Unconventional transport in Pt/TbInO3 heterostructures
With the epitaxial stabilization of TbInO3 thin films, we are poised to measure non-local transport in these materials. As shown in Fig. 4a, we construct devices with a measurement geometry that has been used to demonstrate magnon spin transport in insulating ferromagnets, such as yttrium iron garnet38, and more recently antiferromagnets39. This setup allows for the detection of voltages generated from charge-spin interactions between the platinum layers and the TbInO3 film, namely the spin Hall effect (injector to film) and inverse spin Hall effect (film to detector). In addition, by tracking the detector voltage readout at both positive (\({V}_{\det }^{+}\)) and negative (\({V}_{\det }^{-}\)) injection currents, the signal can be separated into a symmetric term (\({V}_{{{{\rm{det,sym}}}}}={V}_{\det }^{+}-{V}_{\det }^{-}\)) that excludes heat-related effects but preserves direct transport, such as magnon transport, and an asymmetric term (\({V}_{{{{\rm{det,asym}}}}}={V}_{\det }^{+}+{V}_{\det }^{-}\)) that includes heat-related effects, such as spin Seebeck effect39,40. While TbInO3 lacks the ordered moment to form magnons, exotic carrier physics was revealed by THz conductivity in bulk TbInO3 crystals18. Interestingly, this phenomena persists at temperatures well above the Curie–Weiss temperature, which traditionally defines the spin liquid regime. We thus probe the non-local transport of the TbInO3 samples to determine whether these carriers can be manipulated electrically.

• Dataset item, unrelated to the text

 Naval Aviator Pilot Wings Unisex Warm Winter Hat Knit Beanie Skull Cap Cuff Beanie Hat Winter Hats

Figure 4b shows Iinj–Vdet,sym curves collected at temperatures between 200 K and 400 K from a device with a channel separation of 400 nm. The response grows above room temperature, indicating the apparent activation of a high-temperature transport mechanism. This signal can have a few different contributions, each with different current dependencies: a spin Hall effect contribution, which scales linearly with I (V ∝ I), and thermal contributions due to Joule heating, which scale quadratically with I (V ∝ I2). We perform fits of the form V = R1I + R2I2 to extract coefficients corresponding to linear and quadratic components of the signal. These fits are plotted as solid lines in Fig. 4b, and the temperature dependence of the R1 coefficients is shown in Fig. 4c. We see the onset of this linear scaling coefficient above 300 K, potentially indicative of high-temperature spin transport in the TbInO3 film. No magnetic field dependence (in-plane or out-of-plane) was observed at any temperature using field sweeps up to 9 T (Supplementary Fig. S13). A control measurement was conducted by applying voltage across the detector and injector to measure DC current across the spacing shown in Supplementary Fig. S14. A temperature-dependent cross current was observed, with a negligibly small magnitude and a cross resistance exceeding 1 GΩ.
Fig. 4: Non-local transport signatures in TbInO3 devices.

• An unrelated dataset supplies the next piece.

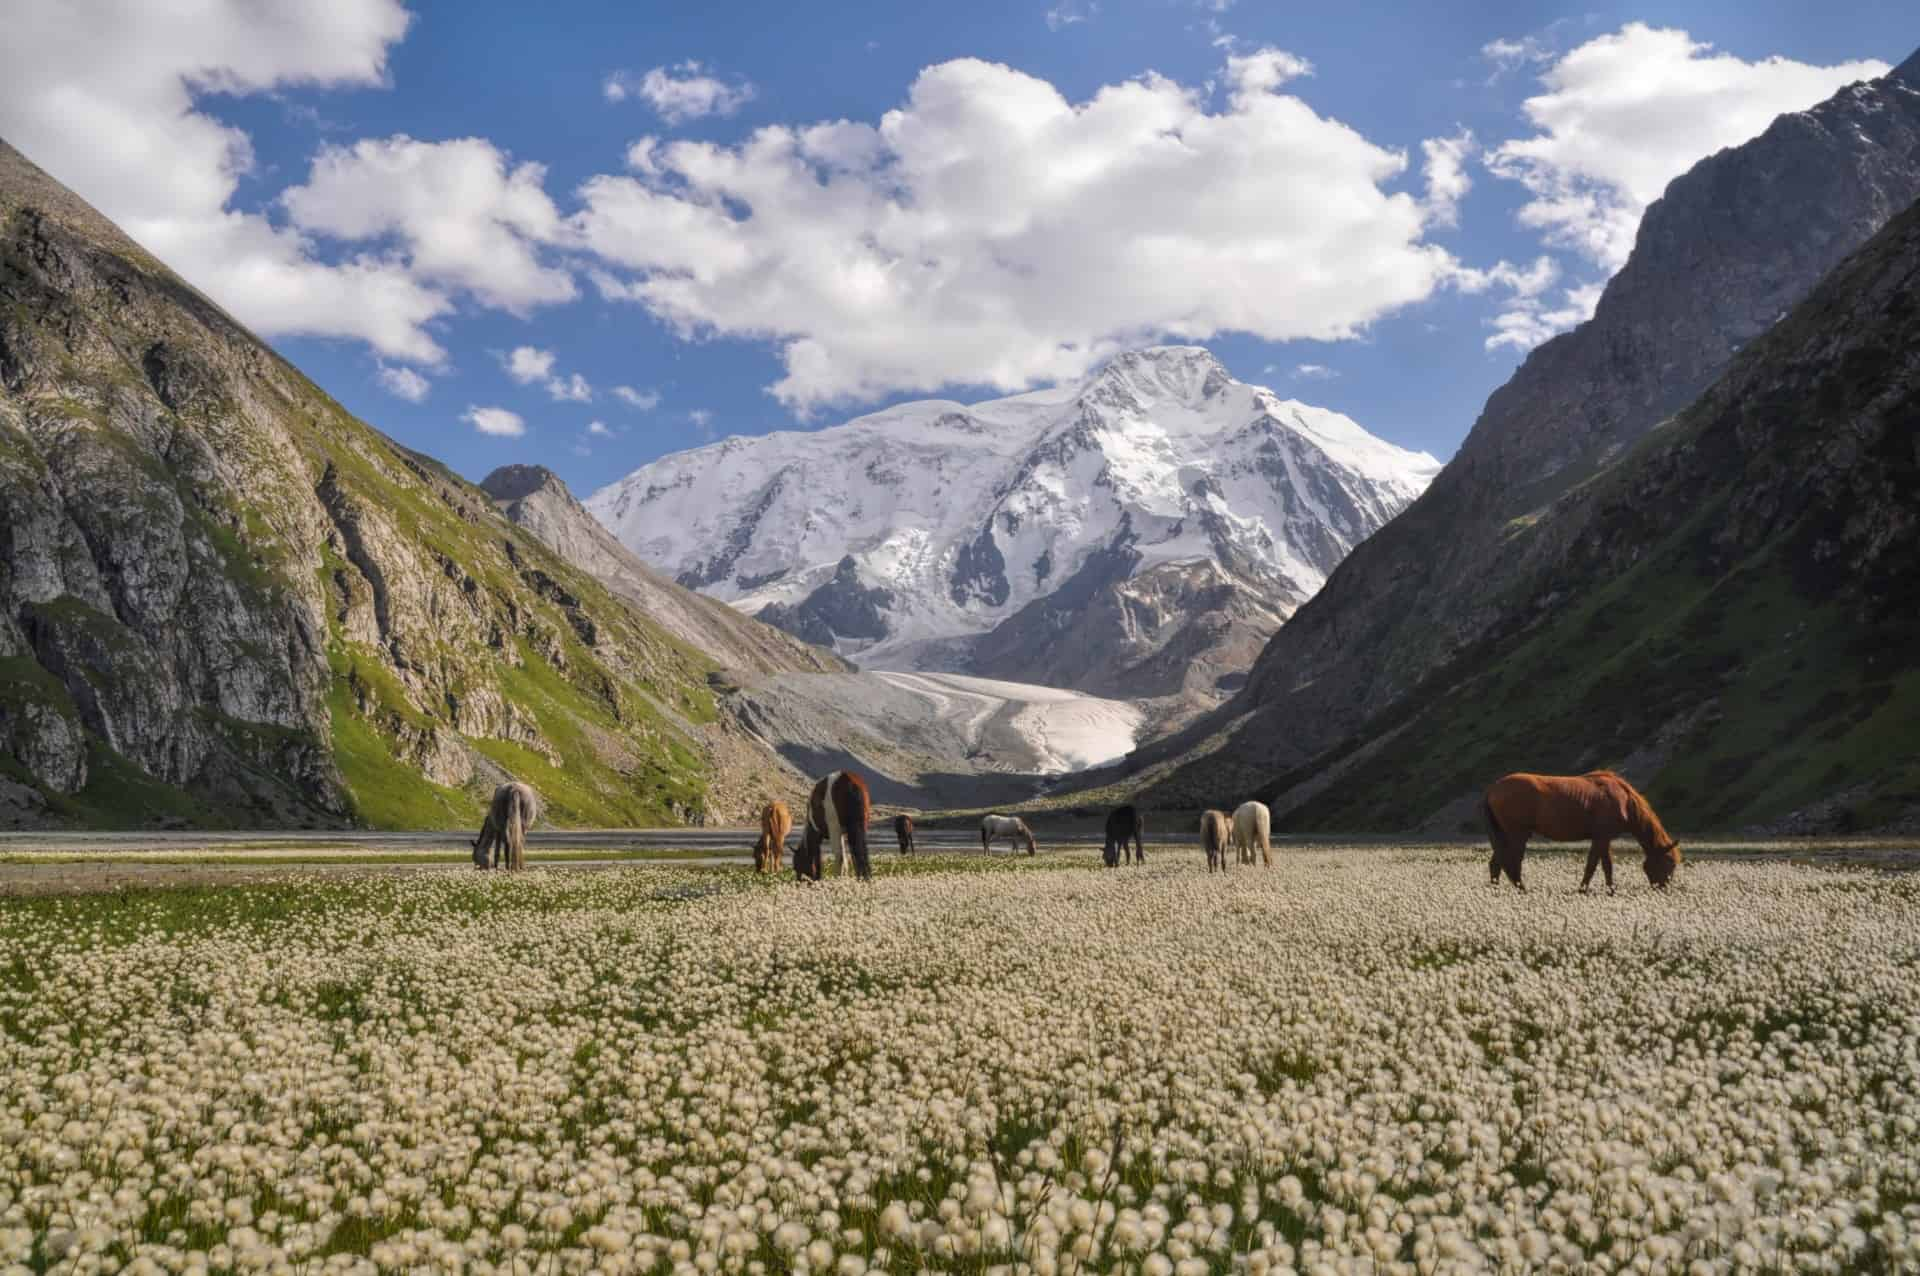 Kyrygzstan

a Schematic of the device, consisting of parallel platinum strips on a TbInO3 film. b Symmetric voltage signal measured as a function of injector current amplitude at temperatures ranging from 200 K to 400 K. Solid lines represent quadratic fits of the form V = R1I + R2I2. Error bars show the standard deviation of four measurements. c Linear fit coefficient R1 versus temperature for devices with spacing values d = 400, 600, and 800 nm. Error bars represent the least squares standard deviation fit error.